I assume that, apart from the last sentence, this is a garbled attempt to paraphrase what Lethaby actually said, and it resembles what she said in her 2018 talk, as quoted above. Still, it shows what happens when you discuss implications of unconfirmed findings without constantly repeating that the findings are unconfirmed.
And what does that last sentence – “It helps embed new in old” – mean? It sounds as if it ought to mean something and as if Dellar thinks he knows exactly what it means. Perhaps it means “Using these four techniques helps embed new knowledge in old knowledge”. But what does “embedding new knowledge in old knowledge” mean with regard to learning an L2? This is, I presume, whether Dellar knows it or not, a reference to the van Kesteren et al (2014) article, but it’s hopelessly mangled. How is one supposed to tell when “new knowledge” gets “embedded” in “old knowledge”? What happens to the new and old knowledge? Do the two types of knowledge move from the different places they were to that place in the brain where new and old knowledge connect? How do they connect, or rather “embed”? Does the new knowledge sort of snuggle in with the old knowledge, or does it all become some different kind of knowledge? How does this process differ from learning something new? And then, since we’re interested in evidence, how do we test whether, in any particular case where a student explains to someone else how/why they got the answer to something, the “new knowledge” is “embedded” in the “old knowledge”?
We started with a 2013 meta-analysis of studies on learning techniques aimed at explicit learning in content-based courses like biology and educational psychology. We end, six years later, with someone tweeting a paraphrase of what they thought they heard someone else say about neuroscientific research in ELT. The hearer jumbles together four different techniques, two of which we know little about, and confidently asserts that teachers can use them to “help embed new in old”, whatever that means.
Fourth Round
The next step is likely to be that the tireless globetrotter will continue on his travels, now able to assure gullable young teachers all over the world that his views on ELT are backed by “actual research” and that they represent the highest form of “real evidence-based teaching”.
Finally
The tweets that followed the conference, include this one
They suggest that Carol Lethaby should re-double her efforts to avoid being misunderstood, and that all of us should re-double our efforts to carefully scrutinise what the so-called ELT experts tell us.
References
Dunlosky, J., K. A. Rawson, E. J. Marsh, M. J. Nathan and D. T. Willingham.( 2013) Improving students learning with effective learning techniques promising directions from cognitive and educational psychology. Psychological Science in the Public Interest, 14/1: 4−58.

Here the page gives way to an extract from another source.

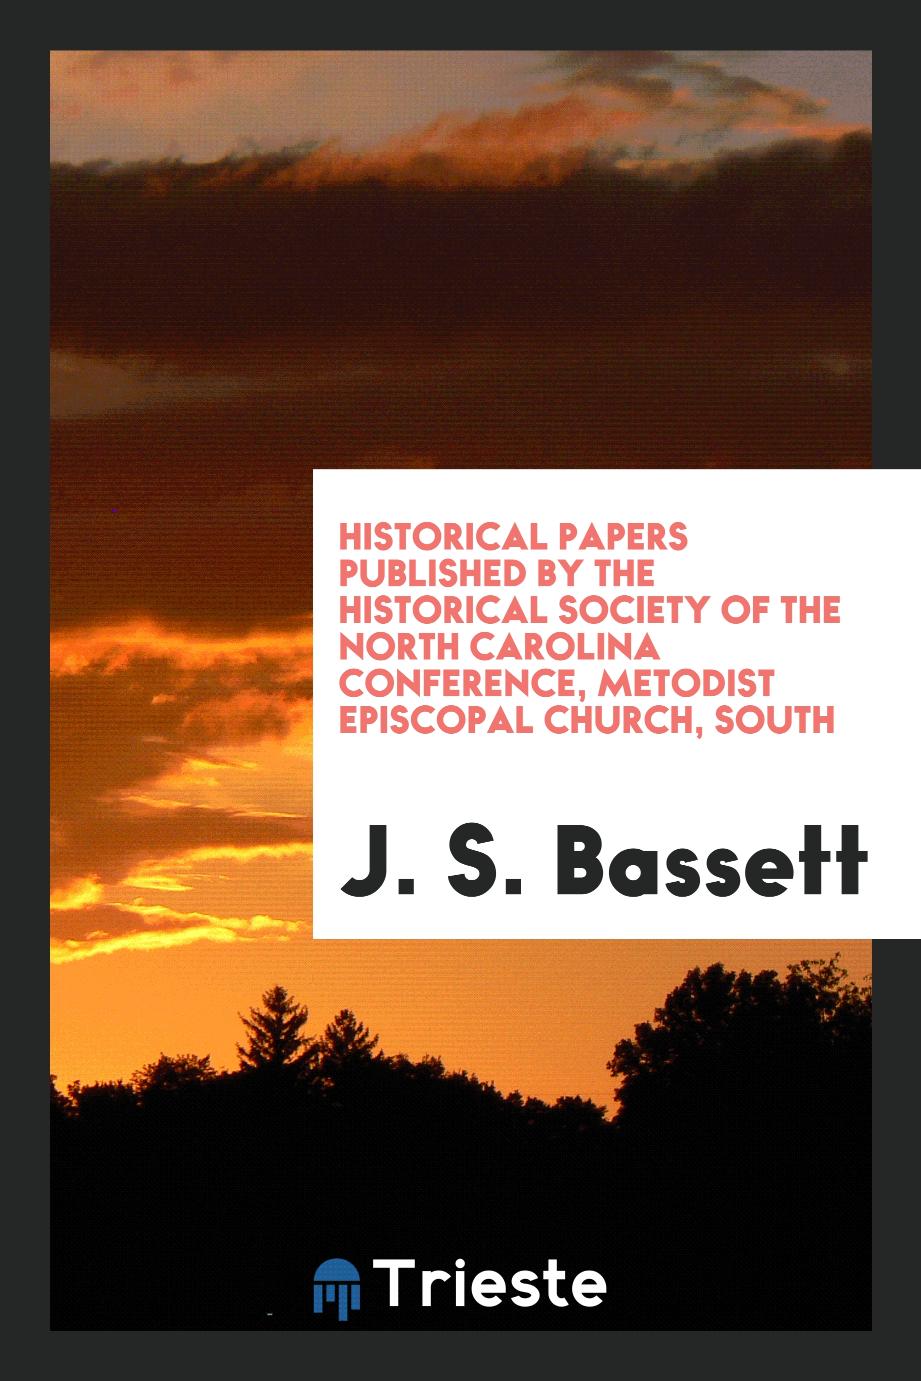 Historical Papers Published by the Historical Society of the North Carolina Conference, Metodist Episcopal Church, South

Lethaby also ment sources in her 2018 IATEFL presentation:
Roediger, H. L. and Pyc, M. A. (2012) Inexpensive techniques to improve education: applying cognitive psychology to enhance educational practice. Journal of Applied Research in Memory and Cognition, 1/4: 242−248.
van Kesteren, M. T. R., M. Rijpkema, D. J. Ruiter, R. G. M. Morris and G. Fernandez. (2014) Building on prior knowledge: schema-dependent encoding processes related to academic performance. Journal of Cognitive Neuroscience 26/10: 2250−2261.